I haven't got TV service. At all. Not even the local channels. This is not a matter of choice but by reason of living with circumstance.
Still, every cloud has a silver lining: I'm thankful for the lack of TV because this means that I've taken to streaming shows online that I'd never have found otherwise. Japanese dramas are especially enjoyable because they offer stories about relationships, responsibility, and respect in a way that resonates deeply.
Recently I had the opportunity to watch Haru to Natsu. It's based on the true story of two devoted sisters, Haru (Spring) and Natsu (Summer), who are separated as children when their impoverished family moves to Brazil in the 1920's as immigrant workers. Natsu is left behind in Japan when an eye disease renders her ineligible to travel. Haru and Natsu write many letters to one another. Neither of them ever receives a reply, and each thinks the other must have given up on her. It is 70 years before the sisters meet again. Their long-lost letters are miraculously found, and the sisters begin to rebuild their relationship.
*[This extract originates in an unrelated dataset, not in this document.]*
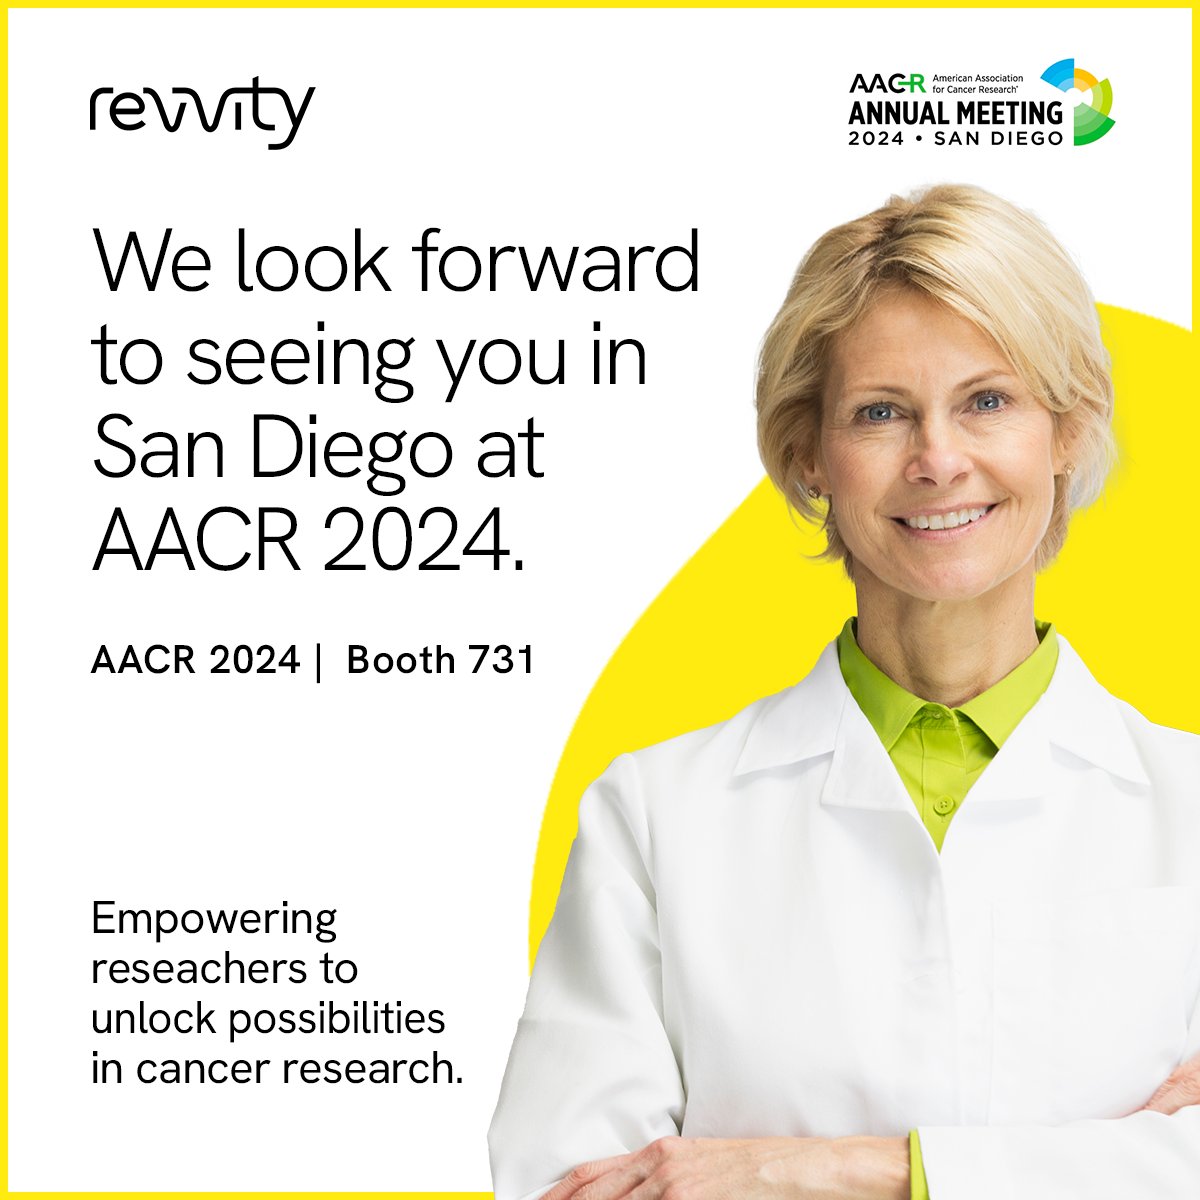 We're ready to show you our latest innovations at #AACR24. You can find us in booth 731. See you there! ms.spr.ly/6010c9f1e #Revvity #RevvupResearch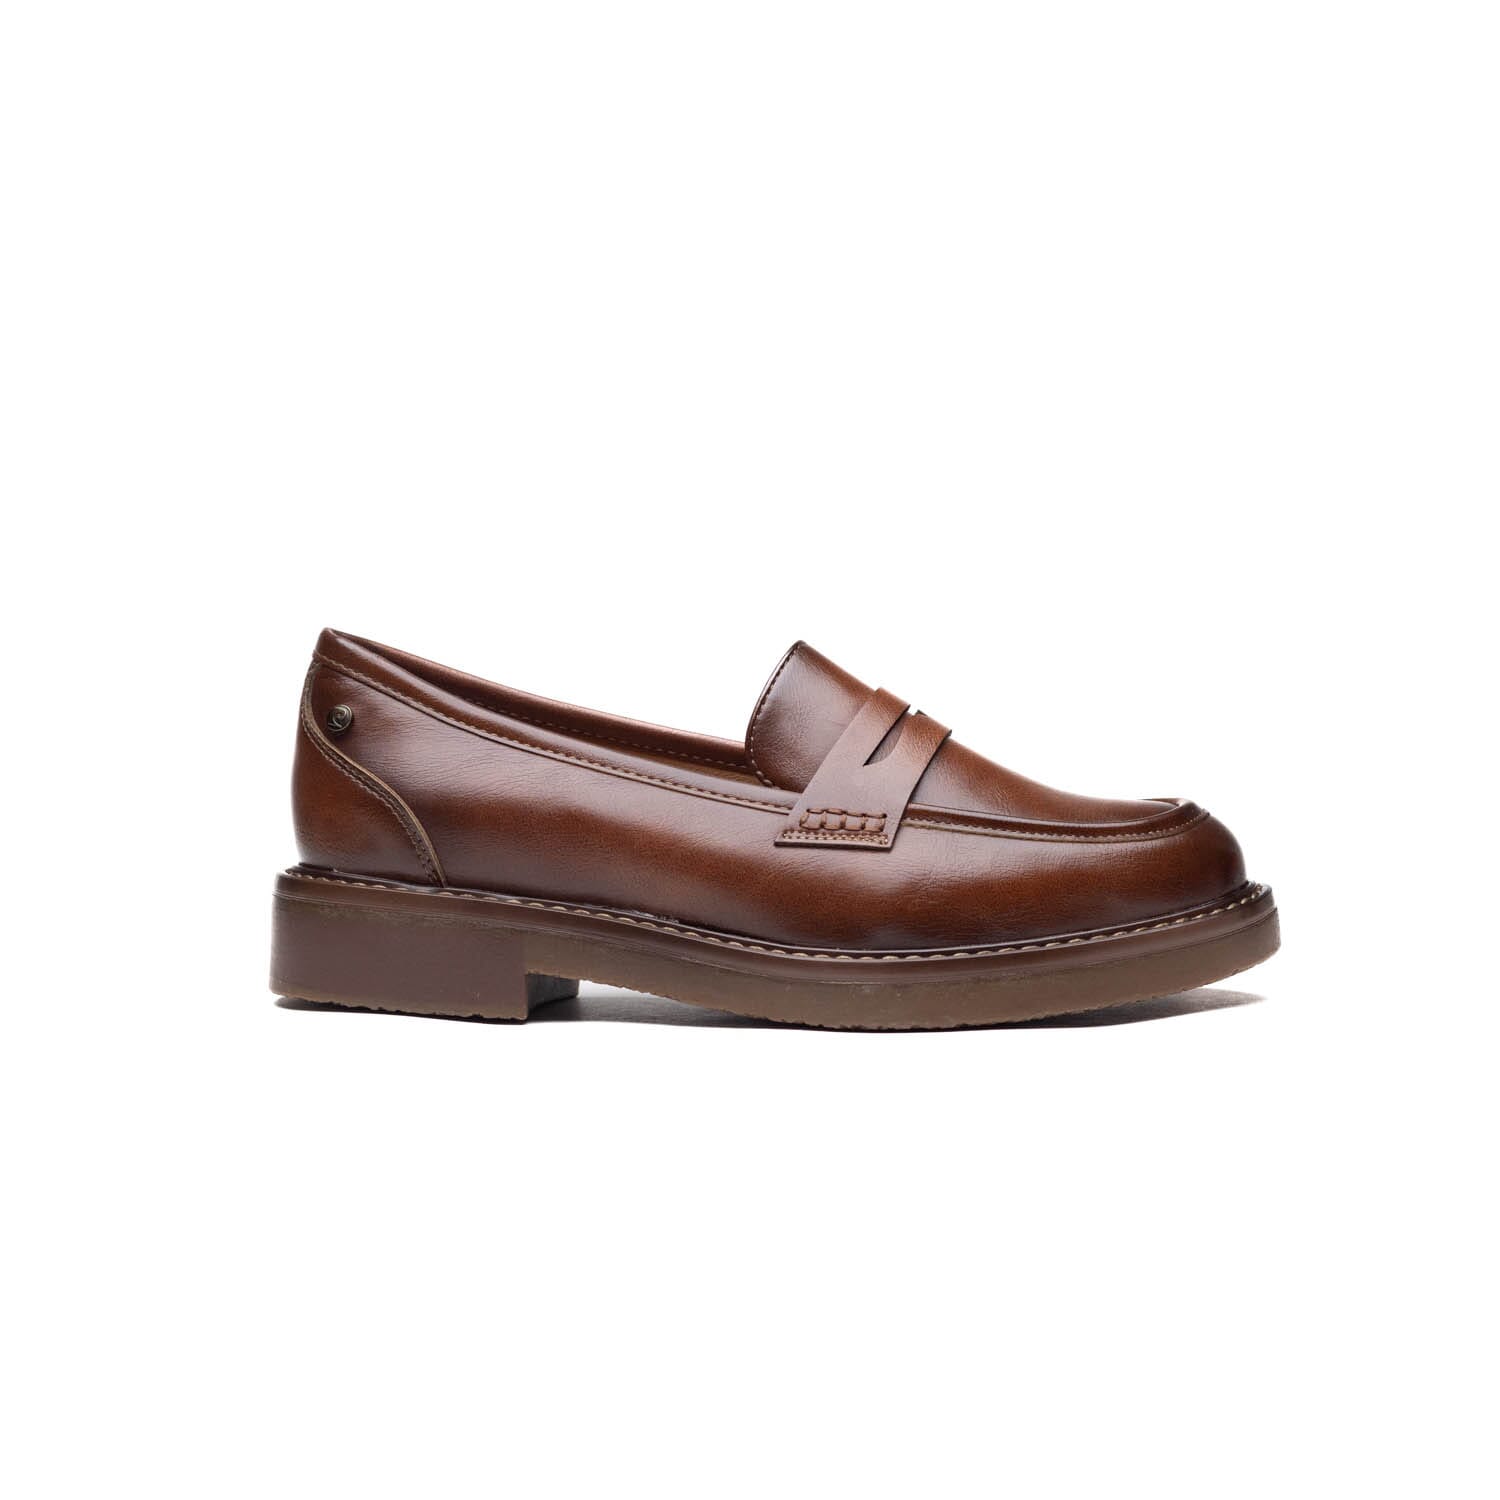 Pierre Cardin -10261 -Brown – Perocili Shoes

It's a very good story but it was the subplot regarding their father that I found interesting.
It is Father who decides that the rest of the family must go on to Brazil without Natsu. He believes that they will all starve if they do not go, so he asks Natsu to bear the burden of being alone. Things do not go well for the family in Brazil, and it seems that every decision that Father makes ends in despair. No matter how hard everyone works, they are weighted down with debt. When the family runs away from the plantation, Father leaves his brother to take on the debt. The family must start over again and again. The eldest son dies from illness and overwork. The second son leaves the family to seek work that will allow him to return to Japan, and he later dies in combat in WW2. Finally, only Haru remains to care for her parents.
Father becomes increasingly irrational and intolerant. Ultimately, he cannot accept that Japan has lost the war. Somehow he equates this with the failures of his own life. If he acknowledges the fact of Japan's loss, he knows that he will have to accept the blame for the ruin he has made of the lives of all of his children, for the fact that he has left others to shoulder responsiblities he should have taken care of. So he stubbornly demands that others accept the falsehood, and he chooses to ignore reality until the day he dies.
We are all a little bit like this, too, aren't we?
Sometimes we reach the point where it is easier to accept a convenient lie than it is to face the uncomfortable truth. When things become too painful, we want to hide from reality. The problem is not in the hiding, it is in the decision to remain there indefinitely. When we stop, we stagnate. As long as we are alive, we have the chance to change and adapt. It just takes one step to move forward in courage to begin the process. But change does not come by one step only but by a succession of single steps one after the other.
The road stretches ahead of us. Look forward. Let's keep walking.